So this is fun. If you’ve recently (or not so recently) misplaced your hymen, accidentally damaged it, given it a bit of a tear – then boy, oh, boy, have we got the product for you.
This fabulous Artificial Hymen Repair Kit can give you back that little scrap of membrane that you miss so dearly. And no, we’re not joking because you can’t make up stuff this perverse.
In short, this is a delicate sachet of fake blood that you insert into your vagina like a diaphragm and then it ah, dissolves or ‘tears’ during intercourse. Fun!
The Hong Kong producers of this little gem of a product, promise on their website (HymenShop.com – yes, really!) to “restore your virginity in five minutes with this new technologically advanced product. Kiss your deep dark secret goodbye and marry in confidence.”
The Hymen Repair Kit, which you can pick up for a STEAL at just $3.70 Australian, comes in a range of colours including the feisty ‘Joan of Arc Red’ (pictured) and other options such as ‘Dusty Outback Ochre’, ‘Aeroplane Jelly Raspberry’ and ‘Lady Macbeth Crimson.’ (Ok, we made those colours up but you get the gist).
Journalist, Leah Beckman thought she had better try the kit out and see for herself just how it worked. She wrote about the (hilarious) experience for for NY Magazine:
After a brief bedroom warm-up session with my boyfriend, I excuse myself to the bathroom, kit and instructions in hand. I open the first packet and take out what looks like a clear plastic Listerine strip folded into eighths. There is a gruesome amount of bright red liquid inside the folds. I “completely unfold the hymen,” as step No. 4 in the instructions indicates.
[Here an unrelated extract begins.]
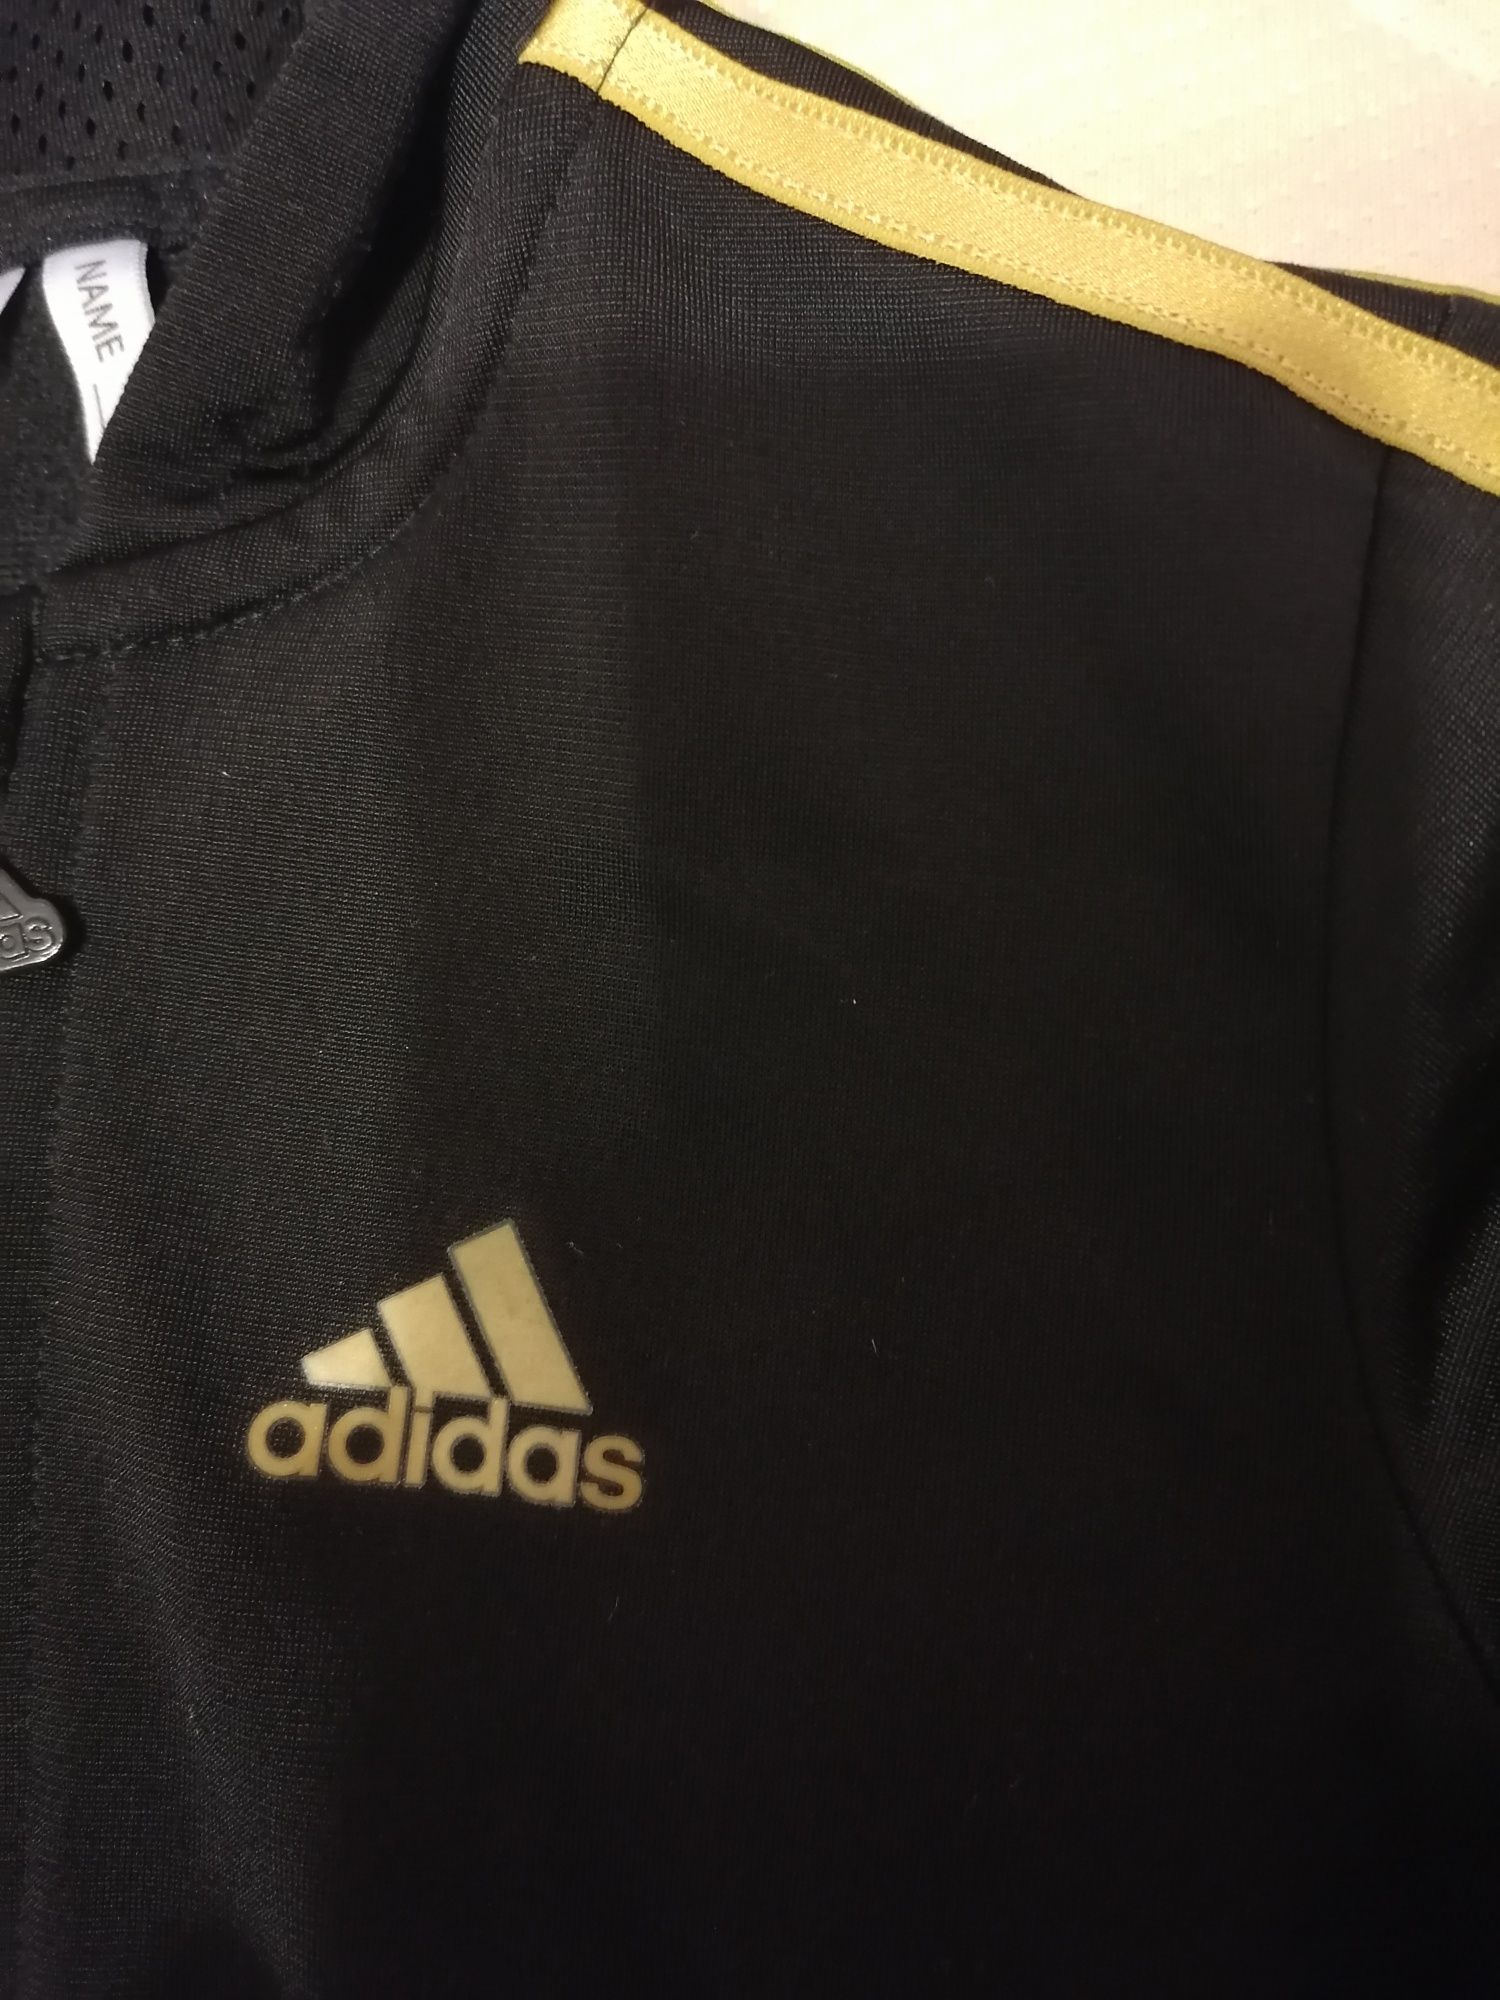 Geaca sport fetite Adidas, negru cu auriu, 3-4 ani

Some dried-up flakes of red fall from the plastic. I don’t remember red dust at my original hymen-loss, but maybe every hymen-loss is a snowflake unto itself: a tiny and unique horror story floating in the wintertime of our innocence.
Missionary is the only option here. During the delicate deflowering process there is no need for the Funny Business. As soon as he’s in, I shriek-yodel question after question: Can you feel it? Is it gross? Does it hurt? Should we stop? Are we breaking up? Are you mad at me? What are you thinking about? What about now? Can you feel it? What about now? I sound like a squawking turkey.
My boyfriend answers all of the questions in the order they are received: He can’t feel it. Everything feels normal. He’s not mad. We’re not breaking up. Mostly he’s just thinking about sex. Still can’t feel it. No, not even now.
Soon our banter has dissolved like the fake hymen in my vagina, and we are quiet. Me because I am imagining the Magic School Bus journey my liquefied hymen is making through my body, and him because he is just having regular sex with me, and we generally don’t “riff” when we’re doing that. Then we are done. Our crotches look like the inside of a lava lamp.
Now of course there is the bigger issue – in some countries around the world, virginity is actually a matter of great import. Women have been killed over less. In fact some Muslim countries have even sought to restrict the importation of the Artificial Hymen Kit but that’s a whole other post…
But for the Australian market? We don’t see a stampede to buy fake hymens. Would you seriously want to stick a piece of red cellophane up your cervix just so you could make a pitch for the ‘thrill’ of first time sex again? We polled the office and there were very few women who put their hands up to re-live the virginity-losing experience.
Do you remember losing your virginity? Would you want to re-visit that experience?